Liquidity staking is a popular topic on Ethereum, and it once presented a monopoly pattern. However, Solana's liquidity staking track has been gaining momentum recently, especially Jito's overtaking. In this article, PANews analyzes Solana's development status in the liquidity staking track from a data perspective (the data in this article are all taken as of July 30).

Liquidity staking has become the main force of TVL growth, and the market value of the top three LST tokens accounts for more than 72%

Solana has recently attracted much attention due to a number of new data records. In addition to the MEME craze, liquidity staking is also becoming a powerful narrative. DeFiLlama data shows that in the past month, Solana's TVL jumped from US$4.84 billion to US$5.45 billion, an increase of more than 12.6%. Among them, the top three are Jito, Marinade and Kamino as the main contributors, and these protocols are all from the liquidity staking track.

Currently, the market structure of Solana's liquidity staking tokens has changed. Dune data shows that in the early stages of development, its market was mainly dominated by Marinade's mSOL, Lido's stSOL, and Sanctum's scnSOL. Today, Solana's liquidity staking track has 27 related protocols, and the top three Jito, Marinade, and Jupiter are "traffic leaders" with a total market share of nearly 72.1%.
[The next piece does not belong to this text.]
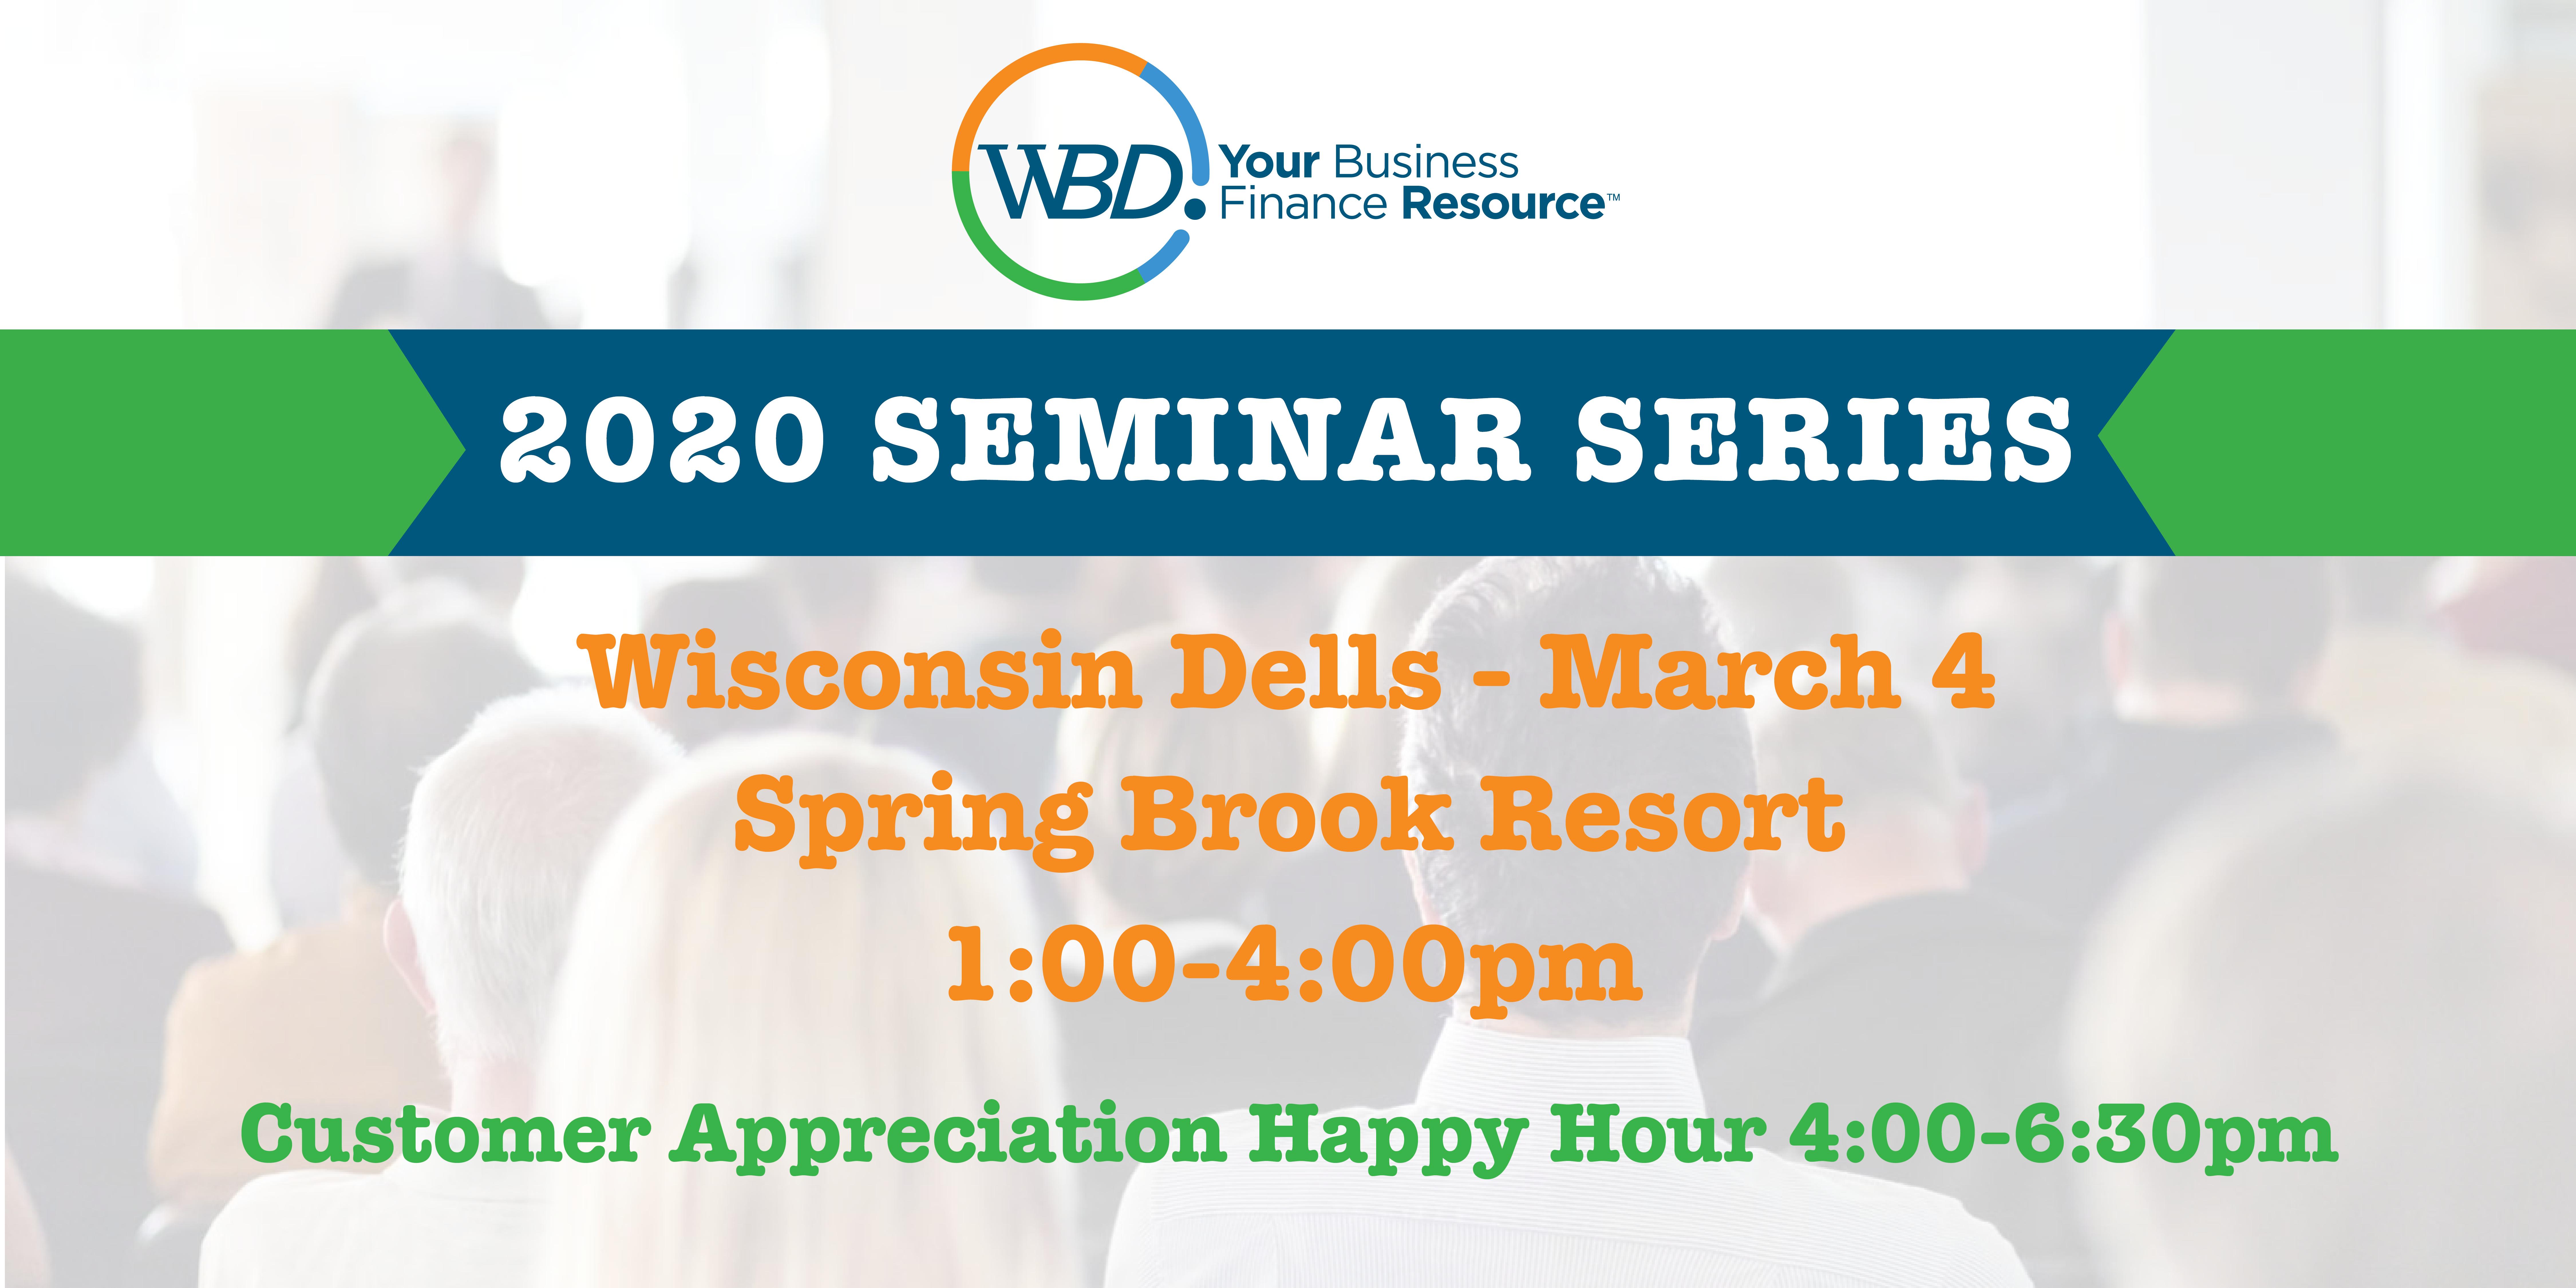 WBD 2020 Seminar Series - Wisconsin Dells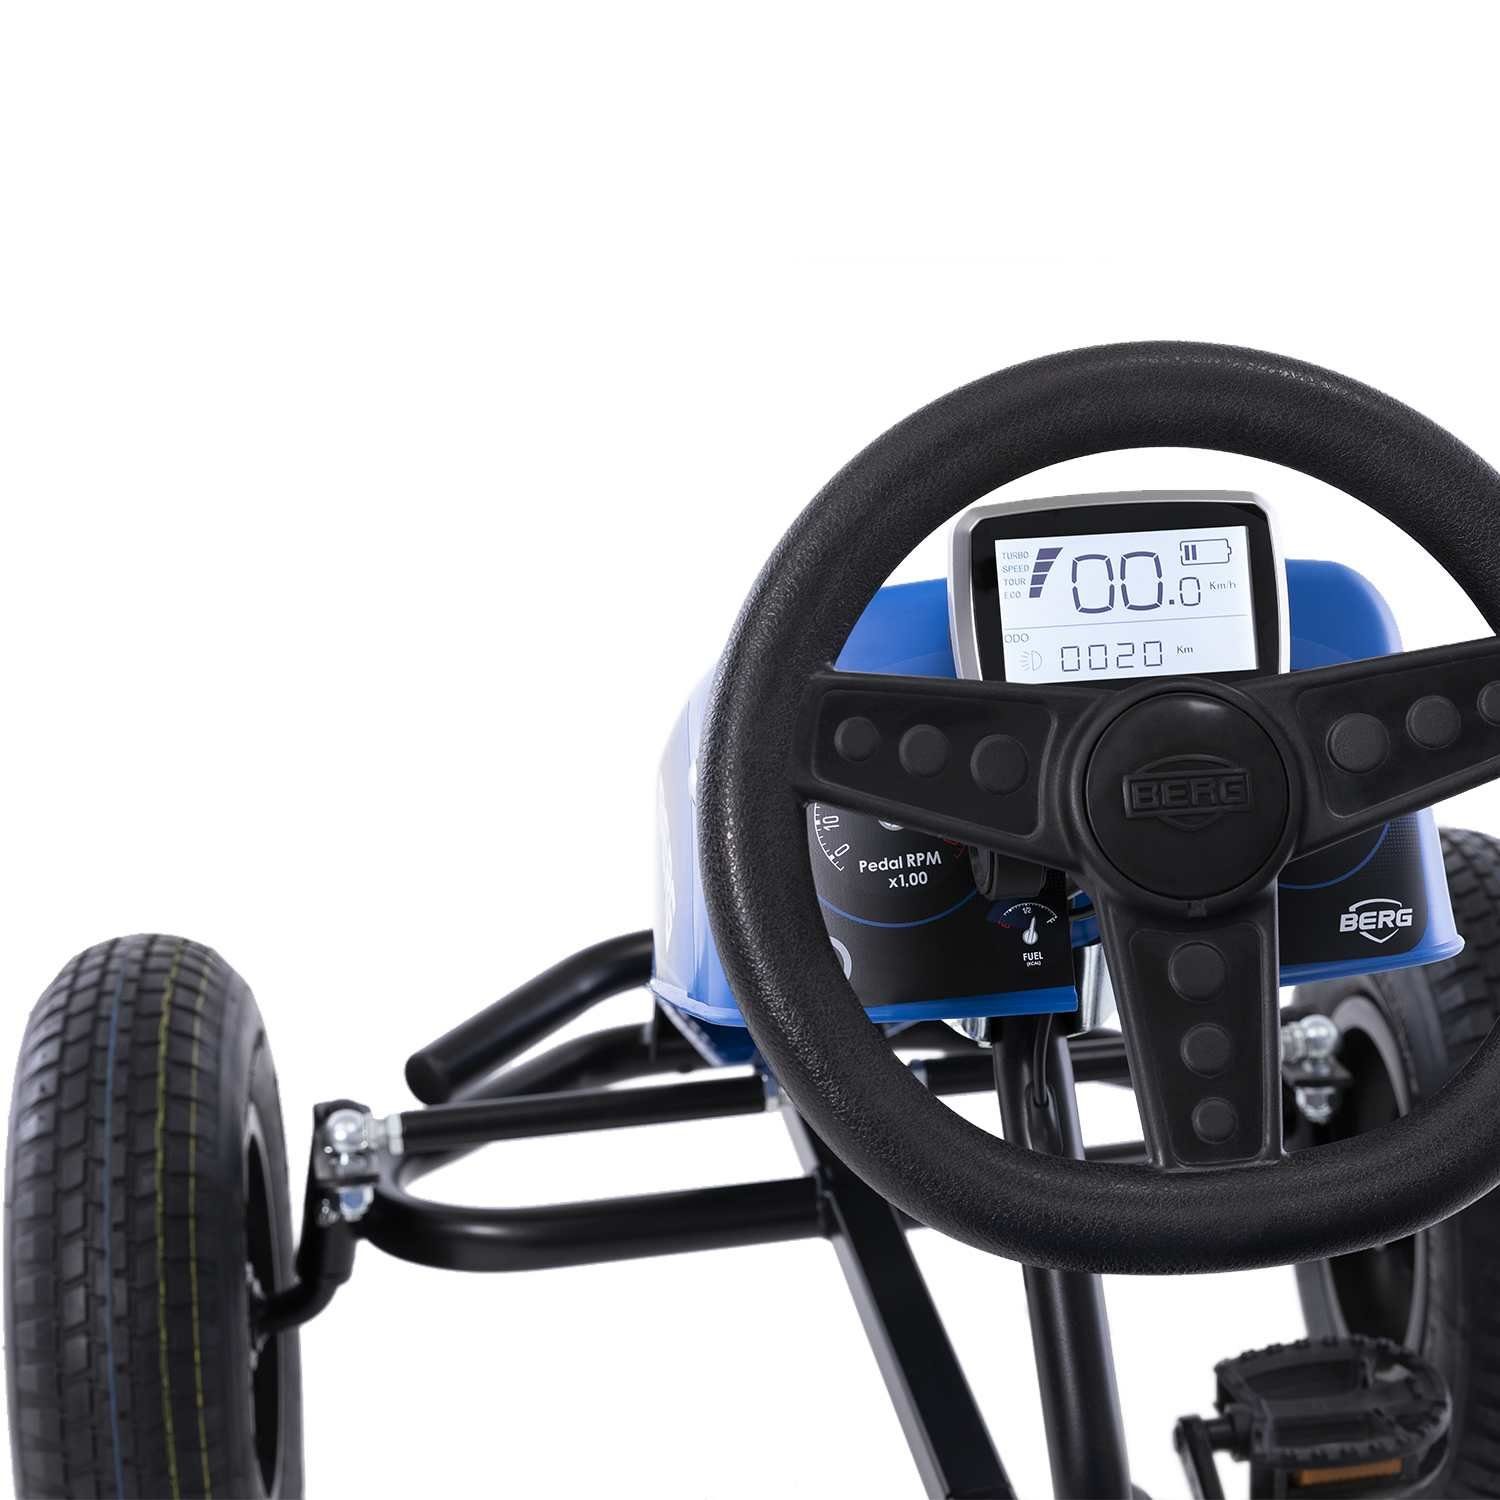 Gokart Hybrid mit E-Motor Black Go-Kart Edition schwarz Berg BERG Dreigangschaltung

Among them, Jito's LST token jitoSOL has a market value of 2.2 billion US dollars, accounting for 46% of the total, ranking first. The official website shows that jitoSOL's APR is 7.68%, the number of pledgers exceeds 105,000, and the number of validators is 218.

Jito's other data performance is also quite impressive. DeFiLlama data shows that Jito's TVL exceeds US$2.17 billion, with an increase of more than 36.6% in the past 30 days. It is the only protocol on Solana with a total locked volume exceeding US$2 billion. In terms of fee income performance, Jito's transaction fees reached US$32.12 million and its revenue reached US$12.8 million, both ranking second only to Raydium; and Jito's daily fee income once surpassed Lido to rank first, ranking third among all protocols, surpassing Uniswap, Ethereum, etc. Artemis data shows that in terms of transaction activity, Jito's total number of transactions exceeded 54.78 million, ranking fourth among all Solana DeFi protocols, but Jito's daily active addresses are only 1,347, which is far from Solana's overall 2.4 million daily active addresses.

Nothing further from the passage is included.